Tuesday, May 10, 2016

Welcome

As a fourteen-year-old high school freshman, I hated Shakespeare. And just my luck, my ninth grade year ended up being the year of Shakespeare in too many ways. We read Othello in drama class, Romeo and Juliet in English, and the drama department took a trip to a Shakespearean theatre about an hour and a half away from our school, where we (the younger students) watched students from other schools as well as some of the older ones from our school perform snippets of various Shakespearean plays. I hated it. In fact, the only thing I liked was getting out of normal classes for the day. 

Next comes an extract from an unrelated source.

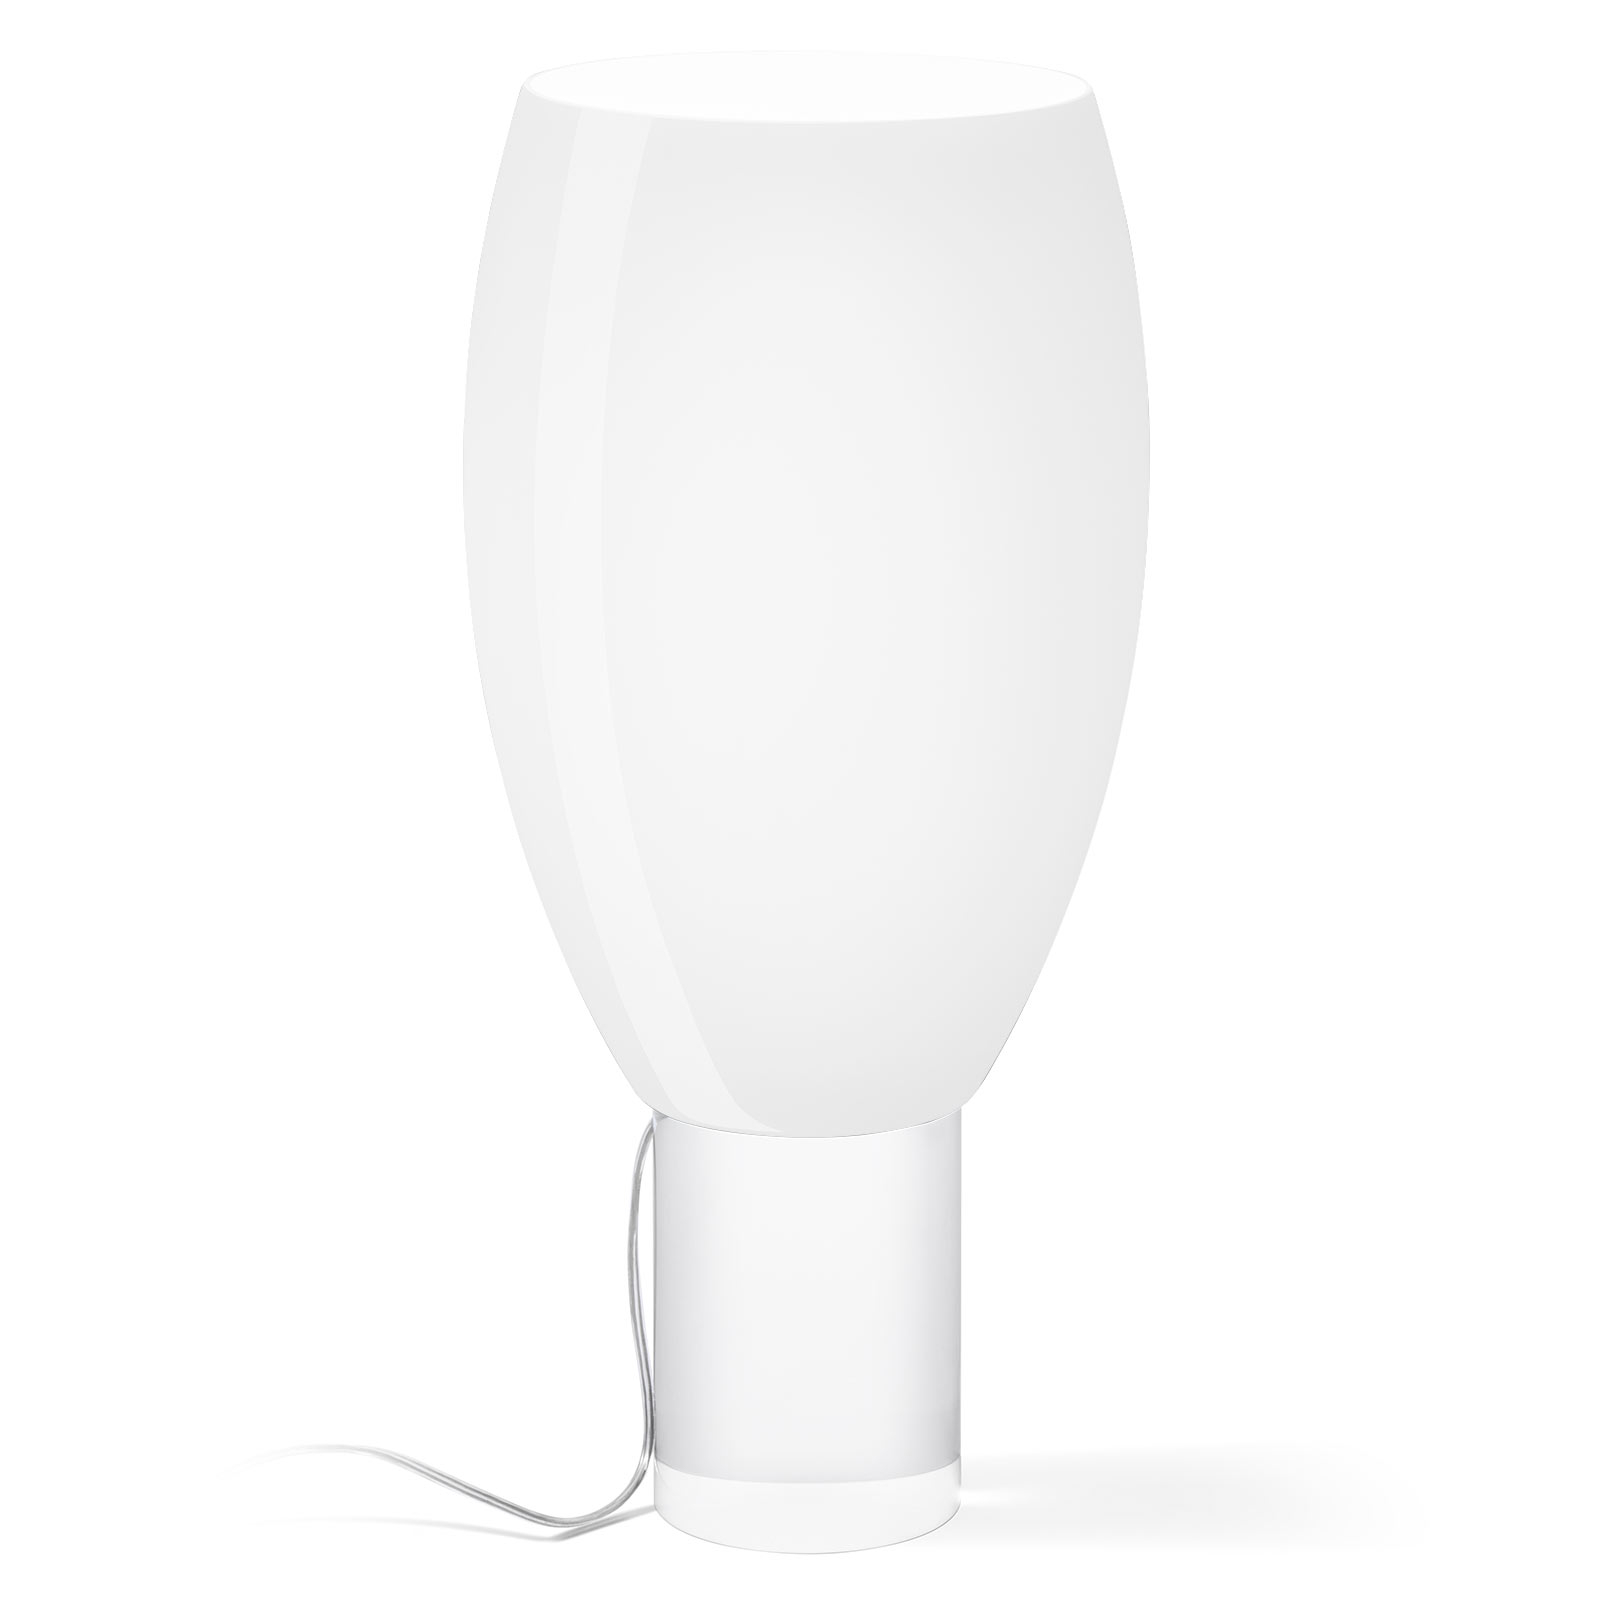 Foscarini Buds 1 table lamp, white bud-shaped

Tenth grade saw yet more Shakespeare on the schedule. My English class would be reading Much Ado About Nothing. Wonderful. Not that I was always expecting to love the required reading books for school - don't get me wrong, I love reading - but I was over the archaic, unrelatable, boring stories with dull characters.

And then we read it.

And much like Much Ado's heroine, Beatrice, herself, I found that I had fallen in love with this guy I thought I hated. Maybe Shakespeare wasn't so bad, after all? This story was funny - really, genuinely funny - and I cared about the characters, about precious, innocent Hero who deserves so much and gets treated so awfully, about Beatrice and Benedick, the funny, intelligent, independent spirits who cannot admit that they are in love with each other even though everyone else can see it, about Don Pedro, who may or may not have had his heart broken by Beatrice. Its modernity shocked me. 

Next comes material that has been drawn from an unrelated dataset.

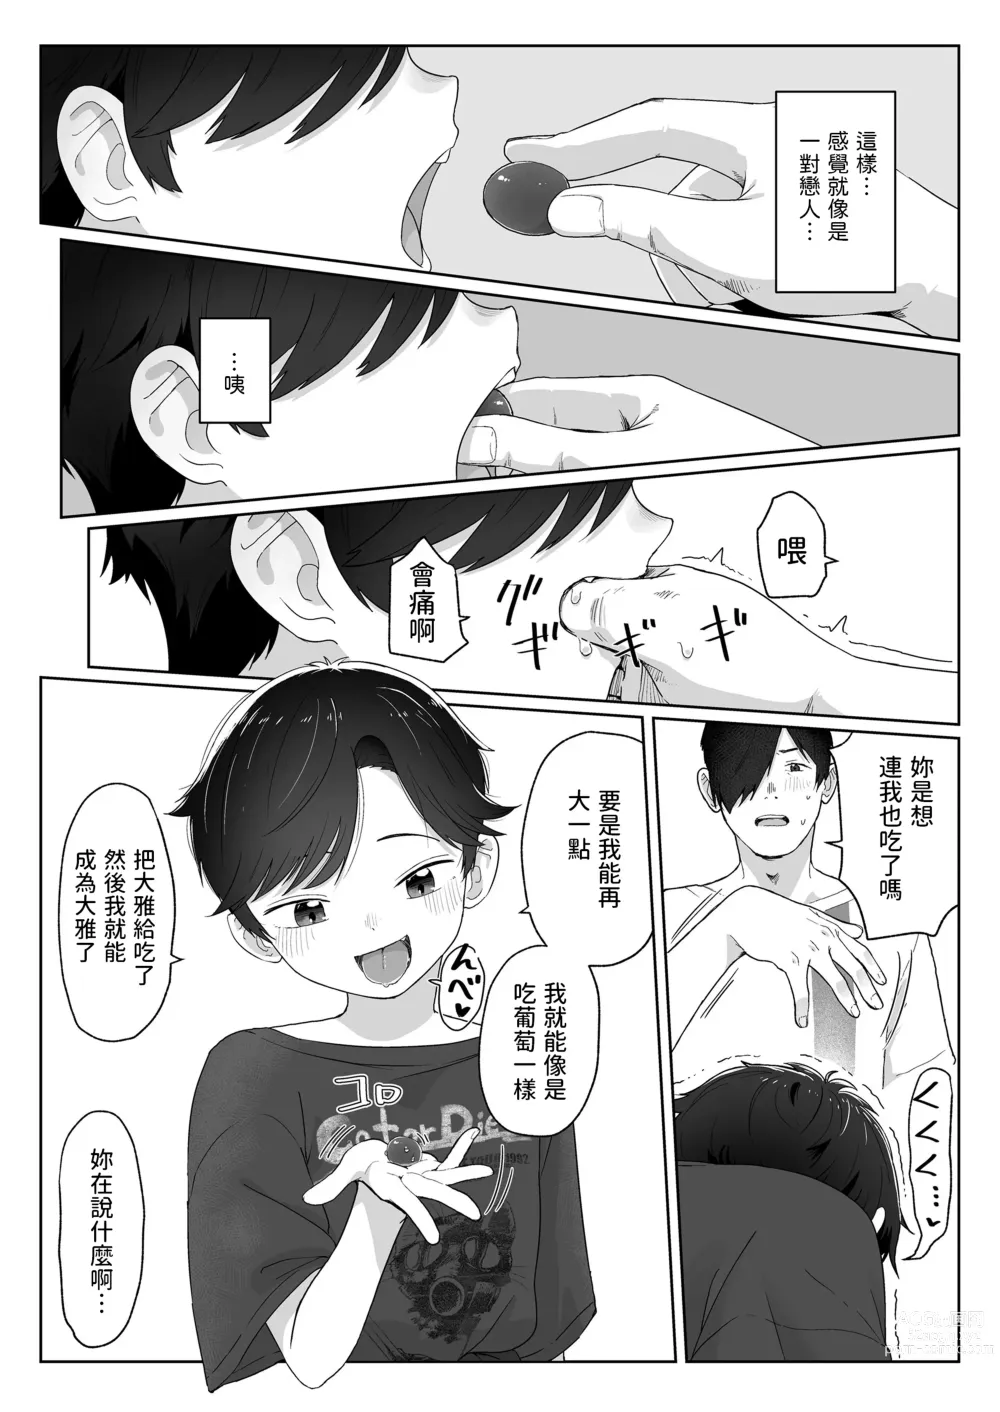 Page 5 of manga Ore ga Taberu kara

I accepted it as an anomaly and didn't think much more about Shakespeare until about February of this year (2016). Now in my second year of college, something triggered the memory of Much Ado, so I went back and read it here and there - not the whole thing, but my favorite parts - and then on May 2, 2016, I decided that I was going to expand my Shakespearean repertoire by filling my summer reading Shakespeare's plays. This summer I'm doing some of his comedies - I didn't have the best luck with enjoying the tragedies (although I will be going back and will eventually read all of them) - and I've given myself the goal of reading and really understanding 10 of them between May 11 (my first full day out of school) and August 24 (the last day of summer break). 

Based on little descriptions I've read of them, I've picked the 10 comedies that sounded the most interesting to me. Here they are in alphabetical order:
  • All's Well That Ends Well
  • As You Like It
  • The Comedy of Errors
  • Love's Labours Lost
  • The Merchant of Venice
  • The Merry Wives of Windsor
  • Much Ado About Nothing
  • Pericles, Prince of Tyre
  • The Tempest
  • Twelfth Night
I am reading Much Ado again, and it's the first one I'm going to be doing. Since I already know it pretty well, I can use it to figure out the format I want to study them all.

I'm excited to get started, and I hope you'll join me on my journey to discover Shakespeare!